Using the listing below, copy exactly the lines from the one containing "Mosaico Tele Di" to the one containing "Roba da bambini - Giro del lago di Varese_d", both lines included, and no others.

INPUT DATA: Begin

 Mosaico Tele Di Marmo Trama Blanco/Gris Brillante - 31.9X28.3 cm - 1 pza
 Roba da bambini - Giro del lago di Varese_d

INPUT DATA: End
INPUT DATA: Begin

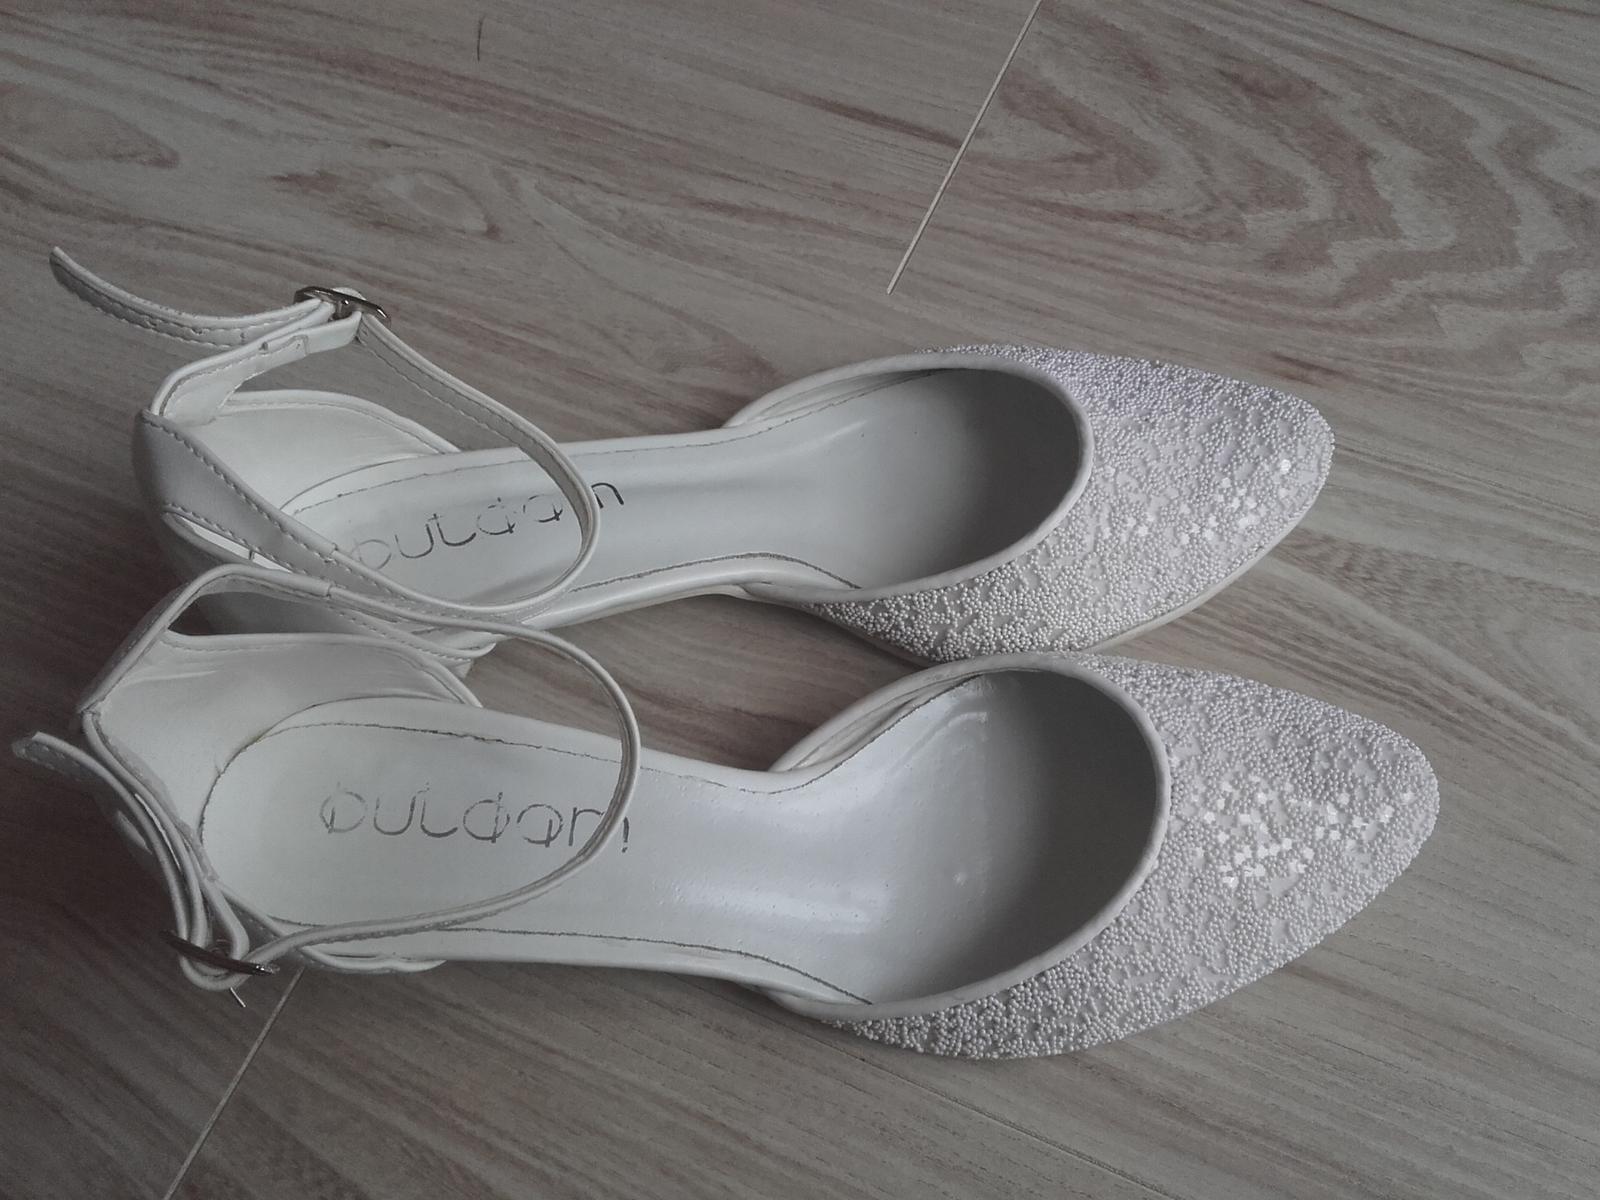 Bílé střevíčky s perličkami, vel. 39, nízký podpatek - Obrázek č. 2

INPUT DATA: End

## RESPONSE TO THIS EXERCISE
 Mosaico Tele Di Marmo Trama Blanco/Gris Brillante - 31.9X28.3 cm - 1 pza
 Roba da bambini - Giro del lago di Varese_d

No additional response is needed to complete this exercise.